The NFKB inducing kinase (NIK) modulates hematopoiesis during stress. Mus musculus

The genetic programs that maintain hematopoiesis during steady state in physiologic conditions are different from those activated during stress. Here we show that hematopoietic stem cells (HSCs) with deficiencies in components of the alternative NFkB pathway (the NFkB inducing kinase, NIK, and the downstream molecule NFkB2) had a defect in response to stressors such as supraphysiological doses of cytokines, chemotherapy and hematopoietic transplantation. NIK-deficient mice had peripheral blood and bone marrow leukocyte numbers within normal ranges (except for the already reported defects in B-cell maturation), however, HSCs showed significantly slower expansion capacity in in vitro cultures compared to wild type HSCs. This was due to a delayed cell cycle and increased apoptosis. In vivo experiments showed that NIK-deficient HSCs did not recover at the same pace as controls when challenged with myeloablative chemotherapy. Finally, NIK-deficient HSCs showed a significantly decreased competitive repopulation capacity in vivo. Using HSCs from mice deficient in one of two downstream targets of NIK, i.e., either NFkB2 or c-Rel, only NFkB2 deficiency recapitulated the defects detected with NIK-deficient HSCs. Our results underscore the role of NIK and the alternative NFkB pathway for the recovery of normal levels of hematopoiesis after stress. Overall design: To explore the consequences of the defective NIKaly/aly protein in alternative NFKB signalling in HSCs, we investigated the gene expression profile of highly purified fresh LSK cells isolated from NIKWT and NIKaly/aly mice. We performed microarray analysis using total RNA from sorted LSK population using Agilent Whole Mouse Genome Oligo Microarrays.
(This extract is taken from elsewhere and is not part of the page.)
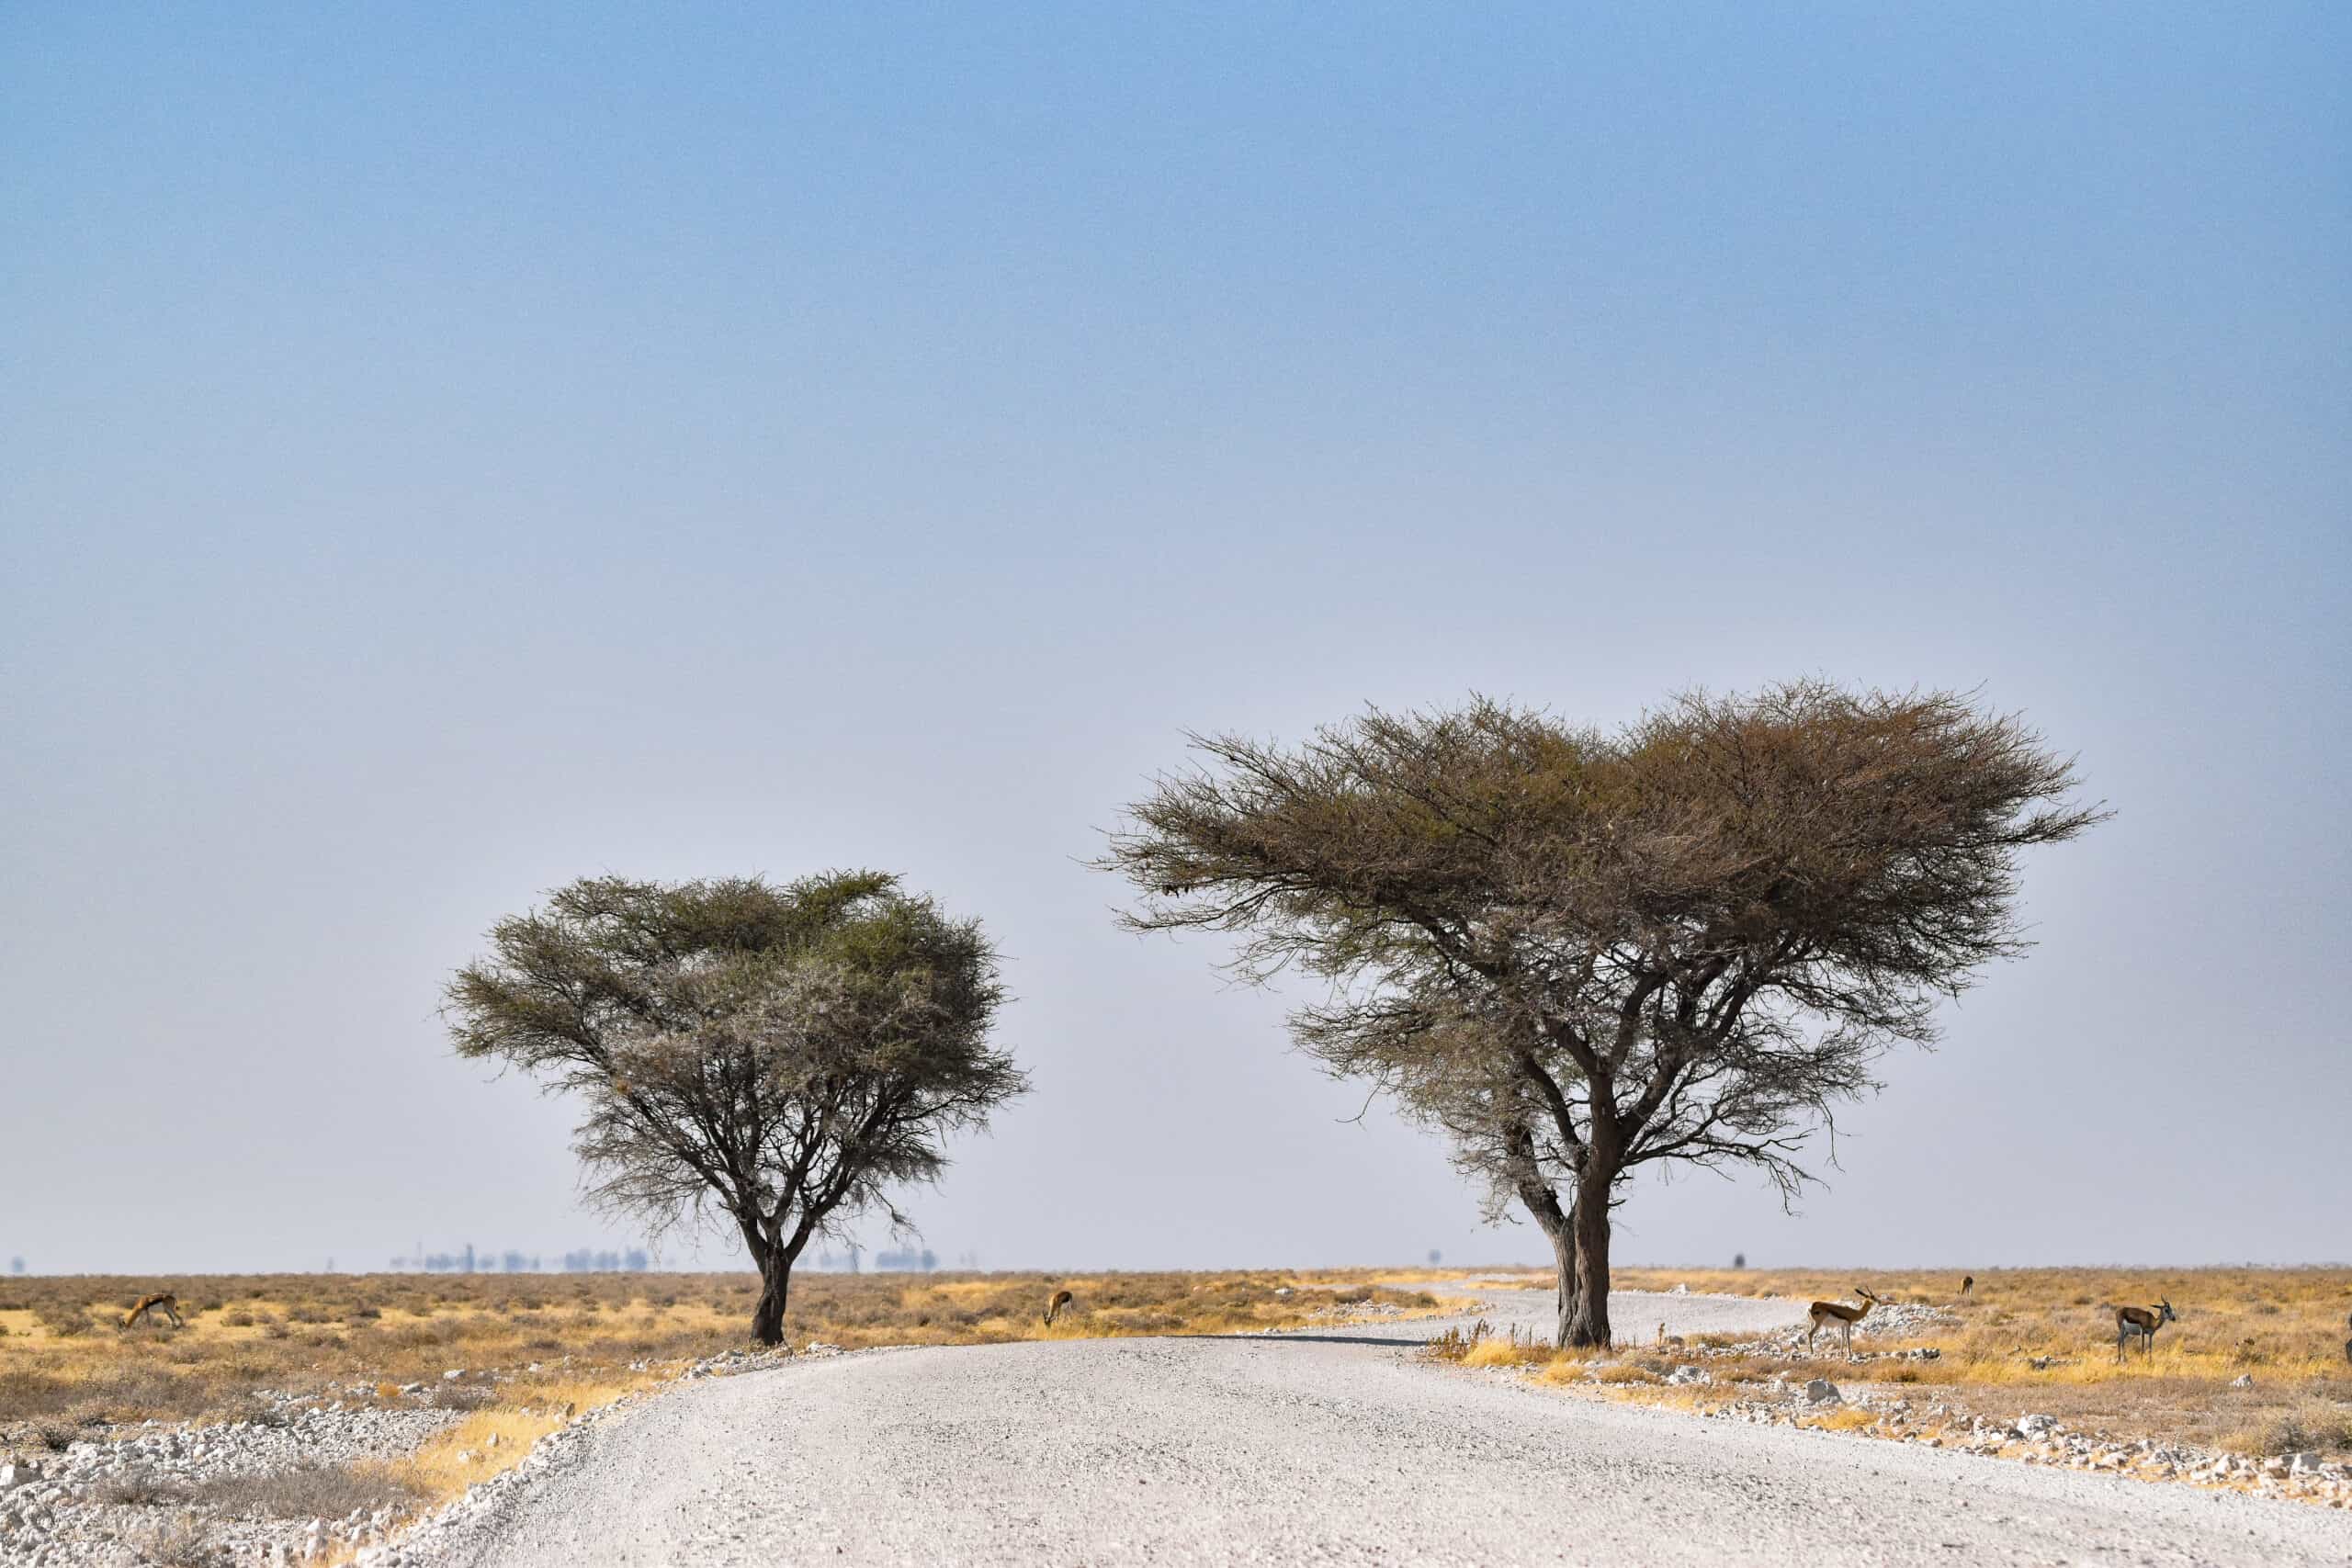 Two-week Namibia self-drive road trip itinerary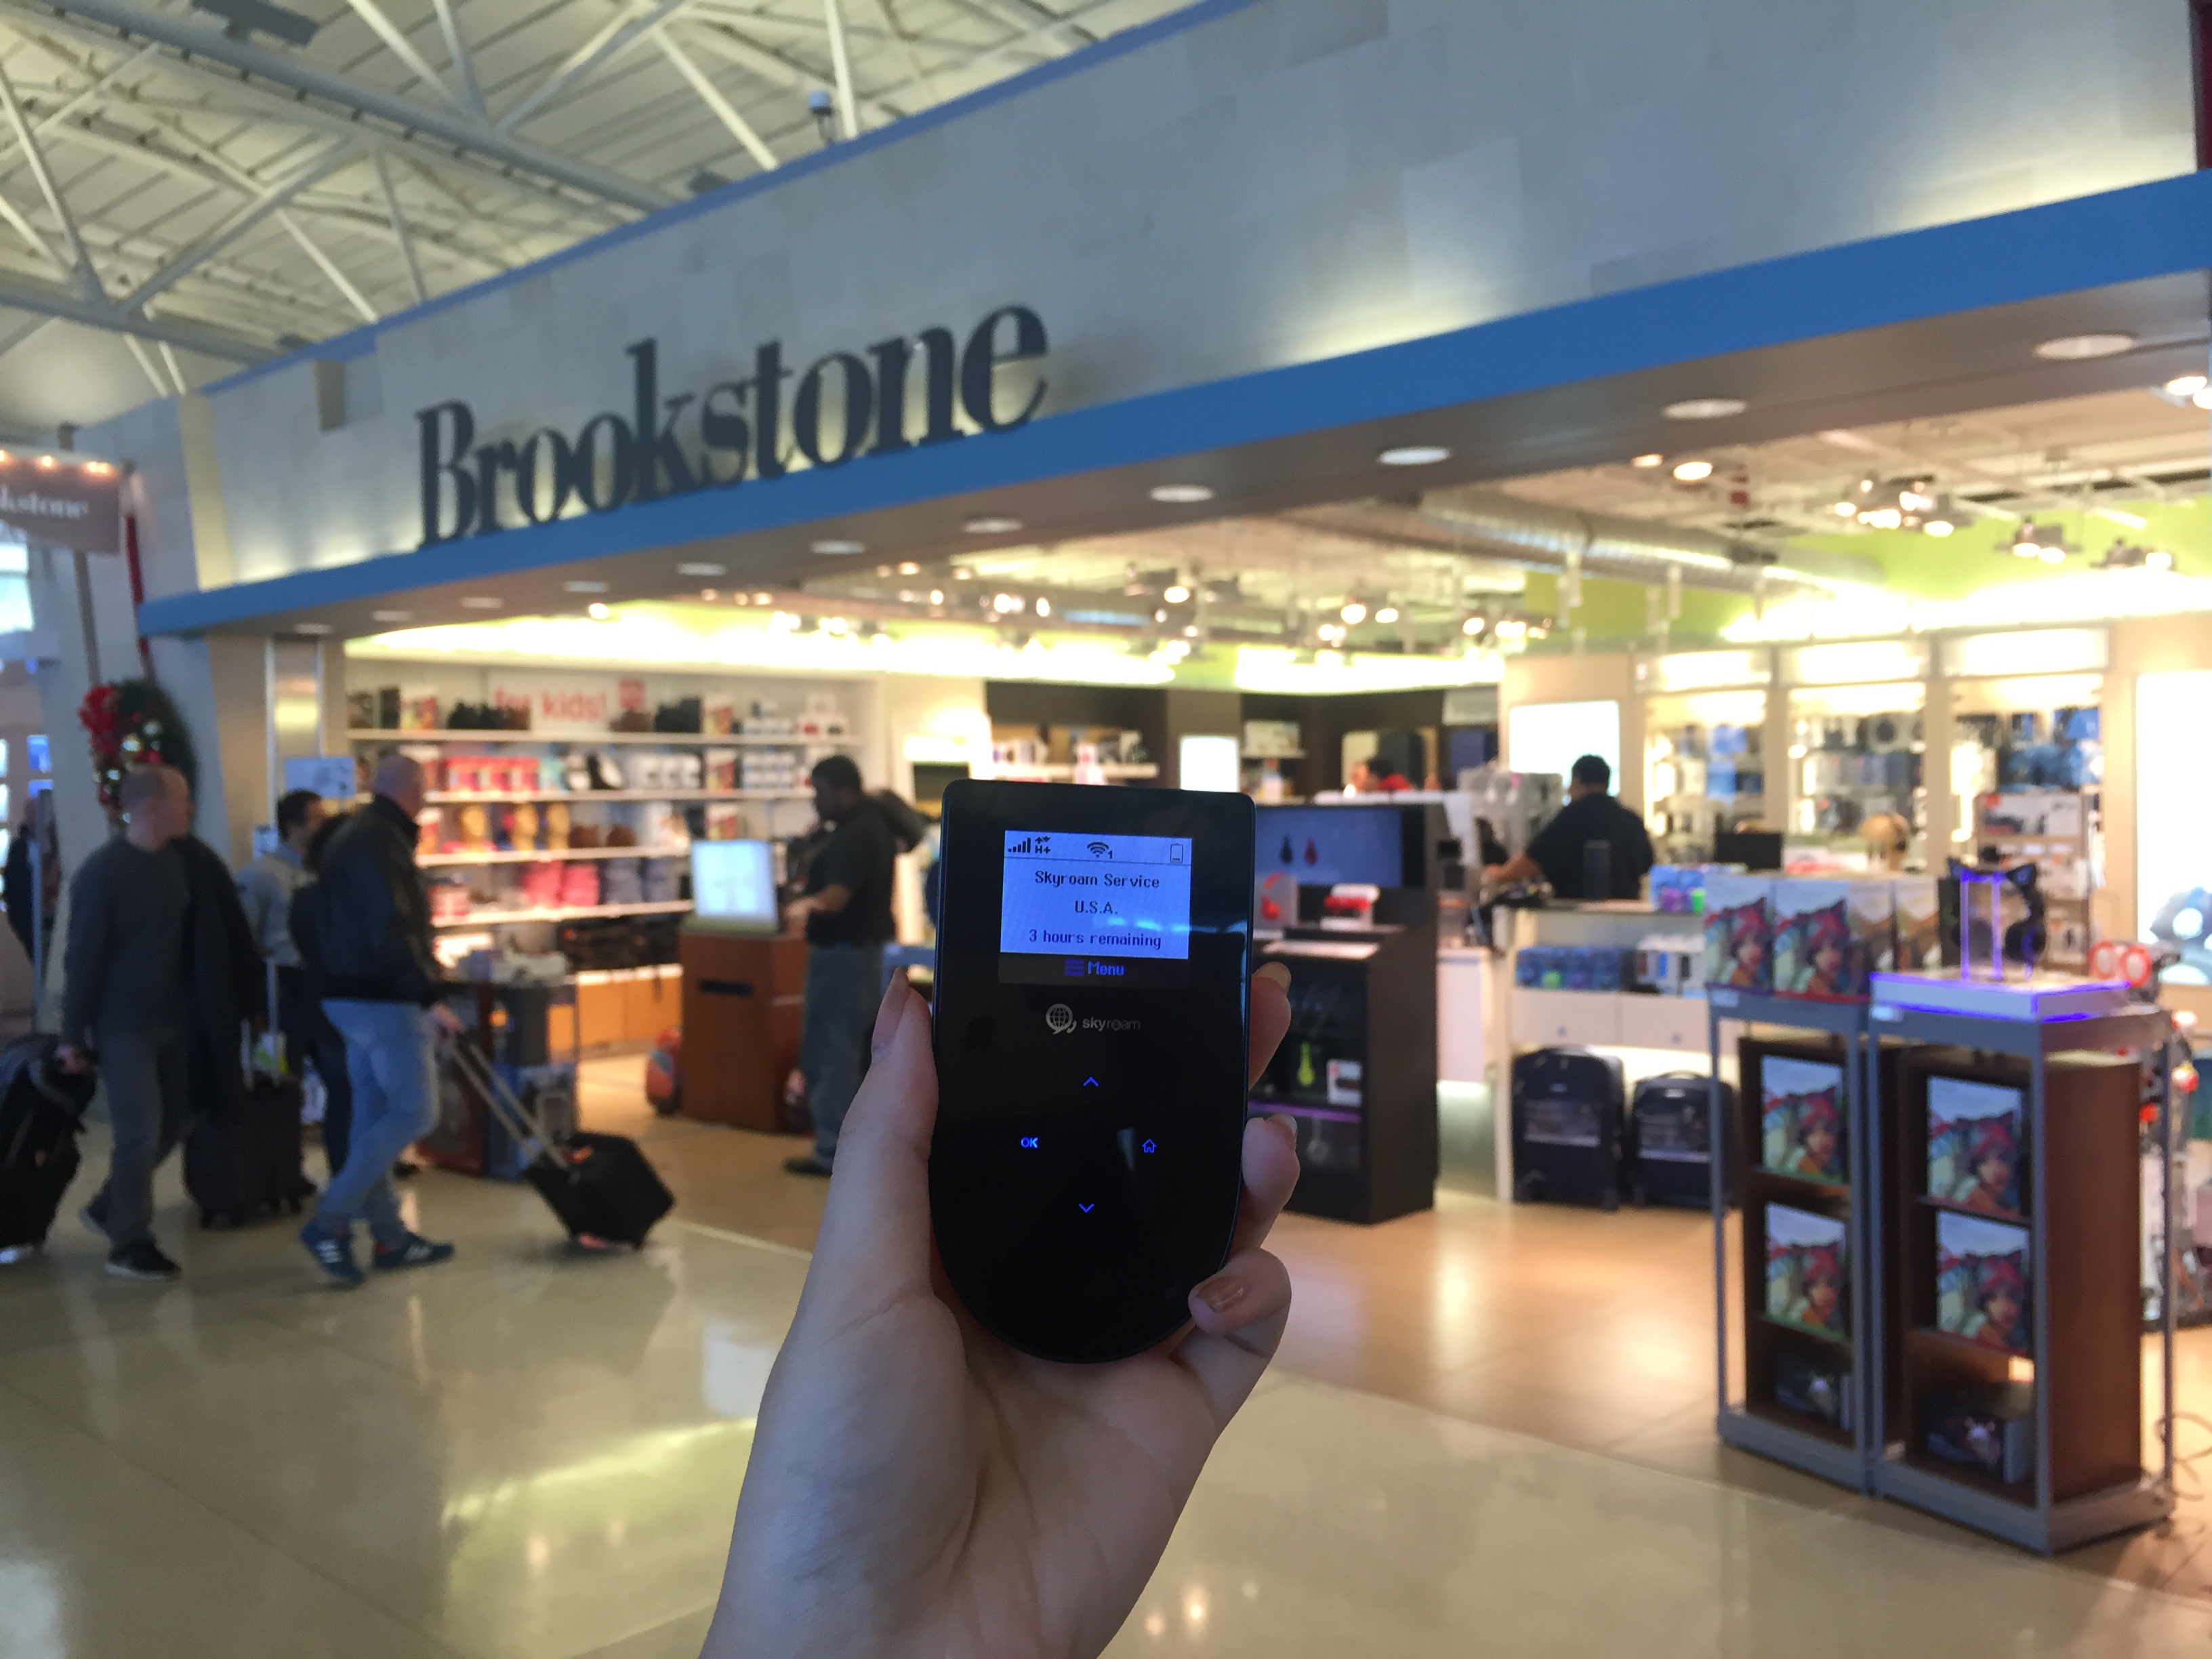 Skyroam's global hotspot at Brookstone's Gift Store in JFK International Airport in NY

生理稳态下维持造血功能的遗传程序，与应激状态下激活的遗传程序存在显著差异。本研究发现，携带非经典NF-κB通路（alternative NF-κB pathway）组分缺陷的造血干细胞（hematopoietic stem cells, HSCs）——其缺陷涉及NF-κB诱导激酶（NIK）与下游分子NF-κB2——对超生理剂量细胞因子、化疗及造血移植等应激原的应答存在缺陷。NIK缺陷小鼠的外周血与骨髓白细胞计数处于正常范围（除已有报道的B细胞成熟缺陷外），但与野生型HSCs相比，NIK缺陷HSCs的体外扩增能力显著降低，该缺陷源于细胞周期进程延缓与凋亡水平升高。体内实验显示，当接受清髓性化疗刺激时，NIK缺陷HSCs的恢复速度显著慢于对照组。此外，NIK缺陷HSCs的体内竞争性重建造血能力显著下降。通过使用携带NIK两个下游靶标（NF-κB2或c-Rel）其中之一缺陷的HSCs开展实验，仅NF-κB2缺陷可重现NIK缺陷HSCs所表现出的全部缺陷表型。本研究结果证实，NIK及非经典NF-κB通路在应激后正常造血功能恢复过程中发挥关键作用。实验整体设计：为探究缺陷型NIKaly/aly蛋白对HSCs中非经典NF-κB信号通路的影响，我们对从NIK野生型（NIKWT）及NIKaly/aly小鼠体内分离的高纯度新鲜LSK细胞进行基因表达谱分析。本研究采用安捷伦（Agilent）全小鼠基因组寡核苷酸微阵列，对分选得到的LSK细胞群体的总RNA进行微阵列分析。